While that doesn’t mean you can afford to lose a lot on an apartment, keep in mind that you’ll end up losing considerably more if a unit stays vacant for months on end. If you can stand to lower the rental price a bit, this could be of great benefit to you. In Manhattan, which is one of the most expensive places to rent nationwide, landlords have been slashing rental prices and offering other incentives as a way to fill vacancies. Some have even offered free rent for the first month or so. Although that may not be possible (or even necessary) in your situation, think about how you can make an apartment even more attractive (and financially feasible) to the average tenant. If the current rental price isn’t something the market in your area will bear, you may need to compromise in order to access a steady income stream.

Show Your Commitment to Health and Safety

Prospective tenants may feel more comfortable renting from you if you show how much you care about the health of those who occupy your units. You can accomplish this in a number of ways. Wearing masks and practicing social distancing during any face-to-face interactions can help, while taking care of basic maintenance and upgrades before showing the apartment can minimize the interactions that your staff will need to have once tenants move in. Highlighting your commitment to cleaning — from sanitizing common surfaces to cleaning HVAC units — can also go a long way.

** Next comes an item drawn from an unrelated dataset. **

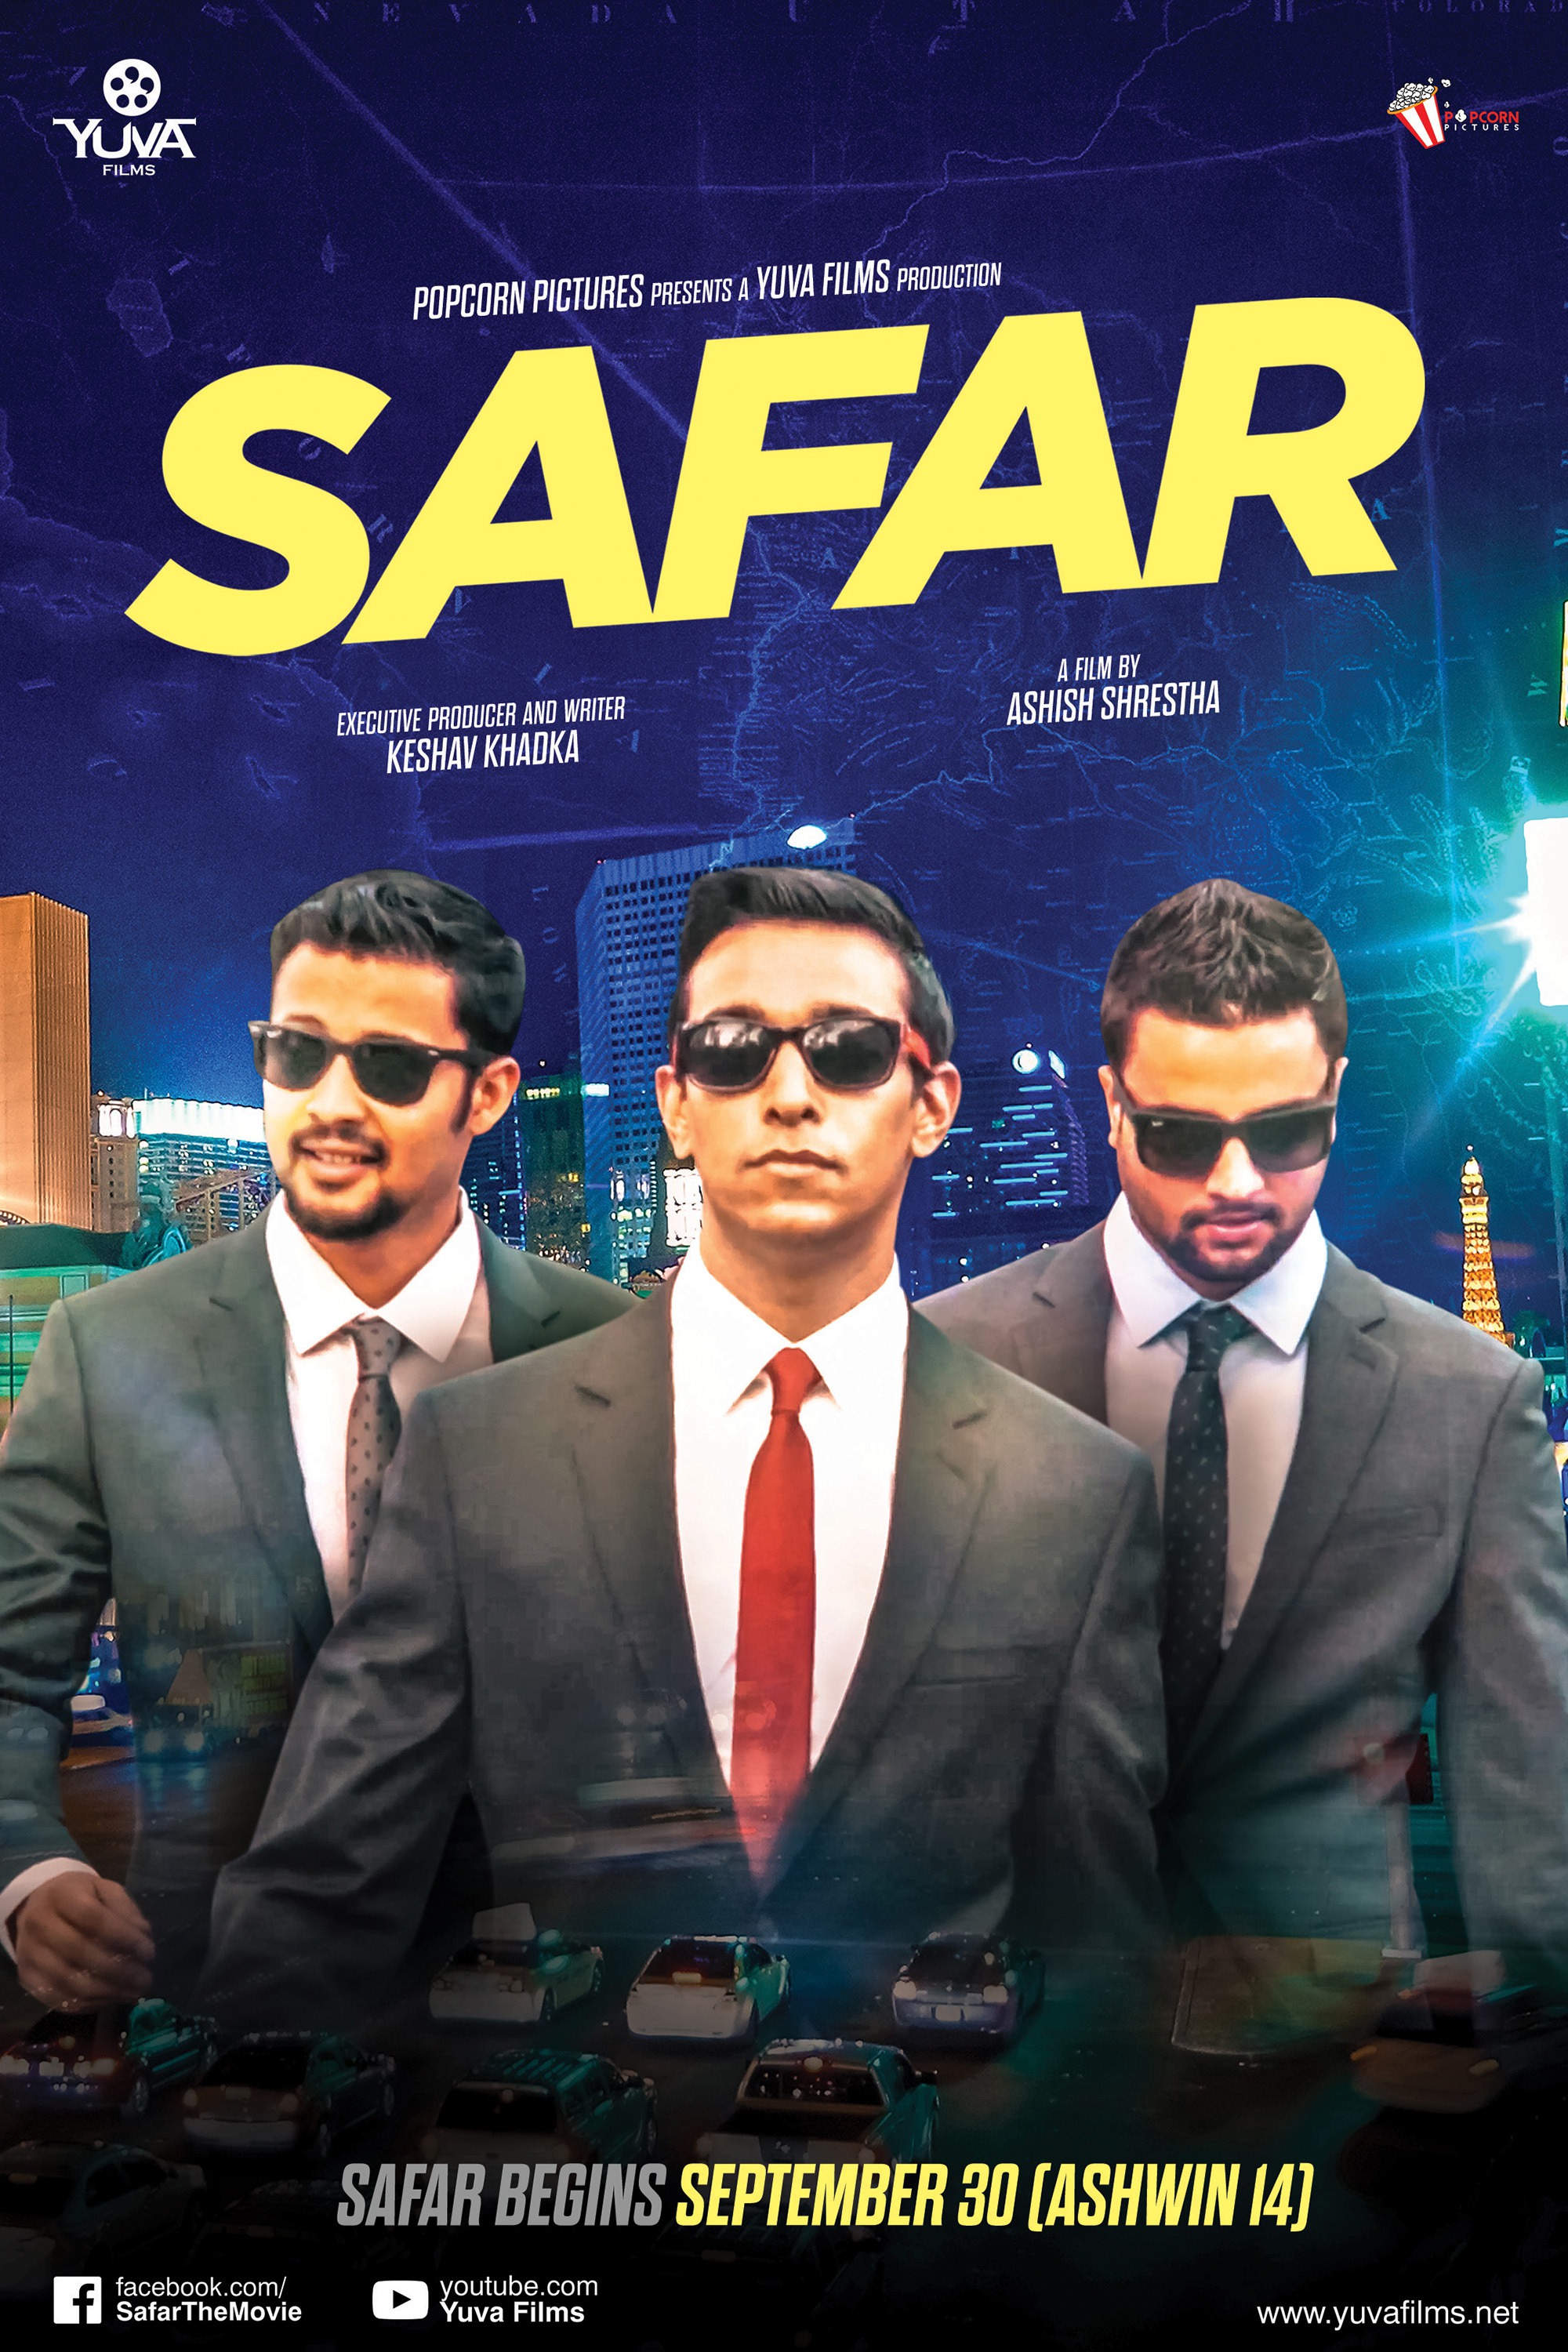 Mega Sized Movie Poster Image for Safar (#5 of 5)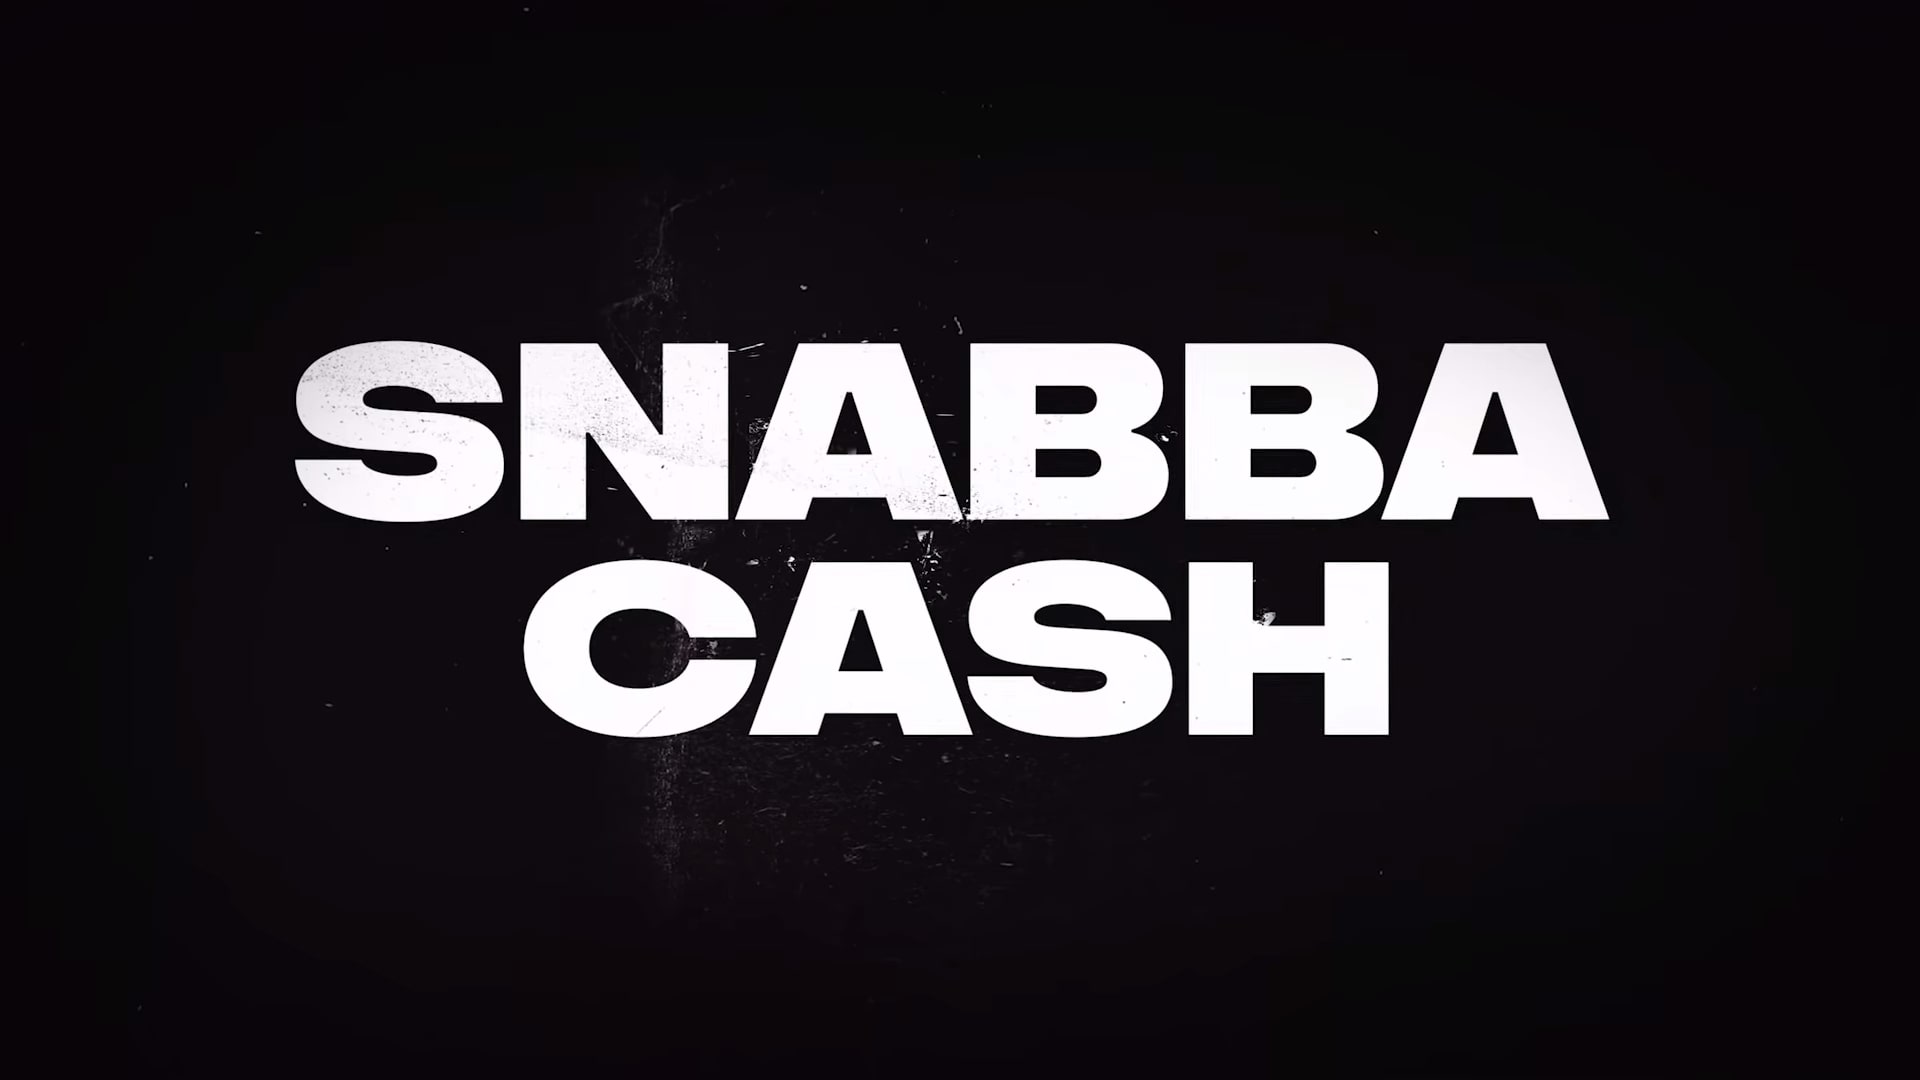 Netflix Snabba Cash Trailer, Netflix Crime Drama Series, Coming to Netflix in April 2021

If a potential tenant has indicated they’ll be working from home, you can provide them with the resources they need to set up their internet connection or make an effort to soundproof the unit so they can easily conduct business. Even small gestures, like letting them know they can come to you if they lose their job or if they need help securing essential supplies, can help tenants feel more secure about renting a vacant apartment. Let them know that you take their safety seriously and that you’ll make every effort to protect their health while they live on your property. Showing this sense of compassion and care can serve as a real incentive to rent from you.

Finding tenants for available units won’t always be easy, especially in the middle of a health crisis. But if you keep these tips in mind, you can appeal to those who are actively looking for housing while boosting your reputation within the community.

This article contains general information and does not contain legal advice. Buy It, Rent It, Profit is not a substitute for an attorney or law firm. The law is complex and changes often. For legal advice, please ask a lawyer.